Work environmentEindhoven University of Technology (TU/e,
https://www.tue.nl/en/) is one of Europe's top technological universities, situated at the heart of a most innovative high-tech region. Thanks to a wealth of collaborations with industry and academic institutes, TU/e's research is known for its real-world impact and has worldwide a leading position in effective academic - industrial cooperation. TU/e has around 3,000 employees and 2,300 PhD students (half of which international, representing about 70 nationalities).
The candidate will work in the Signal Processing Group (SPS) at the Department of Electrical Engineering (
https://www.tue.nl/en/research/research-groups/signal-processing-systems/lighting-and-iot-lab/) in a project with international academic and industrial cooperations. Within the EE department, research and education is done in domains of Telecommunication, Care and Cure, and Smart Energy systems. The SPS group has a strong track record not only in signal processing for digital communication, but also for medical applications, automotive and for intelligent IoT systems. The impact of the work of the group is evident from a very close cooperation with industrial partners and research institutes and from international recognition and awards of the team.
TopicThe project contributes to the EU grand societal challenge to increase the intelligent processing capabilities at the edge cloud. We address Artificial Intelligence in indoor spaces (e.g. in smart offices or healthy buildings) where the sensor configuration widely differs from building to building and even from room to room. Hence, their observations on the underlying processes are also different. Nonetheless, there is a need for a reliable deployment in a way that the system already works well immediately after being switched on. That is, the AI algorithms need to be robust to variations in the configuration and use of sensors. Moreover, in some cases there is the option of obtaining feedback from the user making topics such as semi-supervised online learning of interest.
Project descriptionThe European HORIZON-project EdgeAI targets intelligent processing solutions at the edge. The 48 partners will develop new electronic components and systems, processing architectures, connectivity, software, algorithms, and middleware through the combination of microelectronics, AI, embedded systems, and edge computing.
The TU/e research activity specifically addresses AI and statistical signal processing algorithms of AI in Smart and Healthy Buildings with sensors. Challenges are:
- Distributed AI plus federated learning: How to use AI in a distributed-sensing low-bandwidth network?
- Transfer learning: How to expand a sensor network without having to retrain the models?
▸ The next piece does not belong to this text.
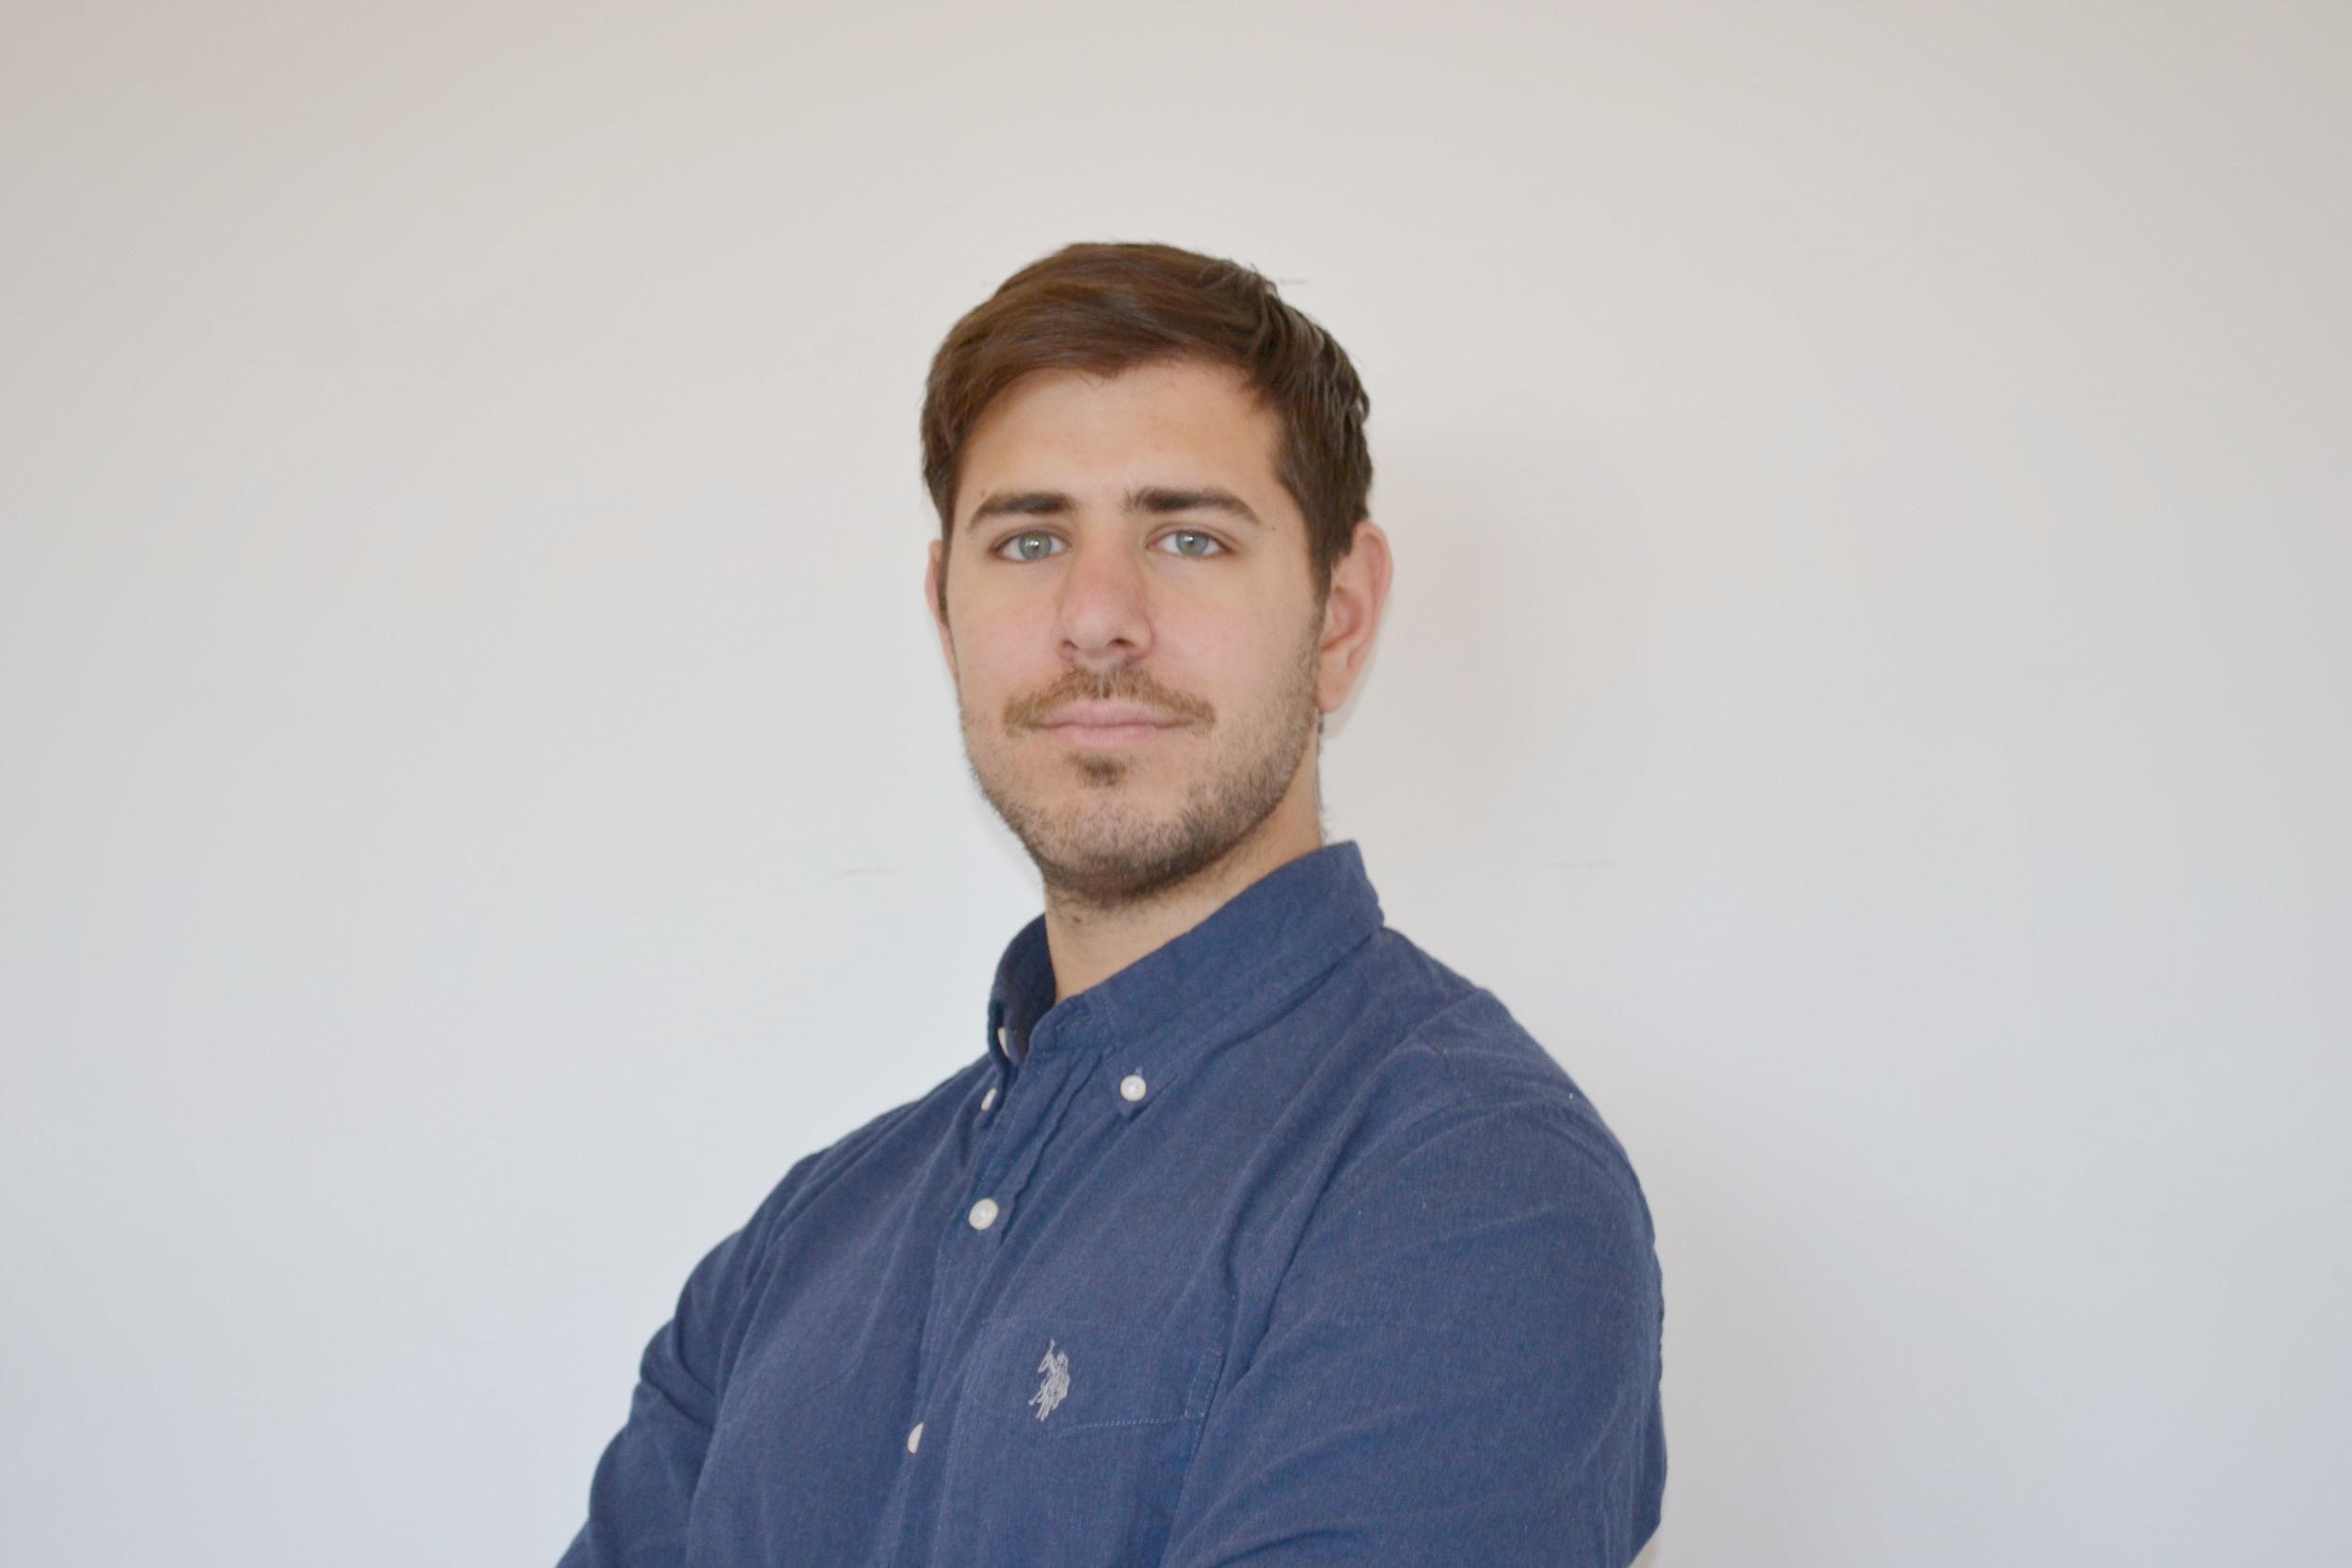 Alexander Haque, CEO

- Robustness: How to handle sensors that are temporarily off line?
- Online learning: How to handle feedback from users on made predictions?
- (Semi) supervised learning for time series: How to improve performance through unsupervised learning?
EDGE AI Solutions should work under constraints in system design, such as cost-optimized coverage, power consumption and signalling complexity. According to earlier TU/e SPS work, some approaches from statistical signal processing are promising. An example of an approach can be the integration of neural networks into Hidden Markov Modesl. In fact, domain insights for instance from personalized Human Centric Lighting can to some extend be modelled as an HMM while NNs may perporm better in situations where the underlying process in not well or not fully known.
TasksThe PhD candidate will explore flexible Edge-AI sensor configurations, the resolution of missing data, and particularly address to what extent federated learning is possible such that sensors systems can learn from labeled data but that has been gathered in situations where the configuration is different.
The PhD candidate will participate in design, analysis, engineering and implementation of a sensing and lighting control system taking into account constraints of devices. Such a systems approach will have to be design is teamwork with other partners. The candidate is expected to
- Actively contribute to this project and meanwhile.
- To Define directions (in collaboration) for scientific breakthroughs in the above challenges.
- To mature these concepts in academic world (in the form of publications) and to transfer these, in the form of working building blocks tested in the EU project and in set-ups co-created with project partner(s).
The PhD candidate will regularly report about his/her work, both orally in progress meetings as well as in writing deliverable reports. He/she should cooperate with the other researchers in the project, amongst others by integrating his/her results in the joint project system demonstrator. He/she should disseminate his/her work, including transfer to project partners and via publications in scientific journals and conferences. The project tasks are done in very close cooperation with Signify and connects to other partners such as NXP. The candidate may work parts of the time at the premises of a project partner.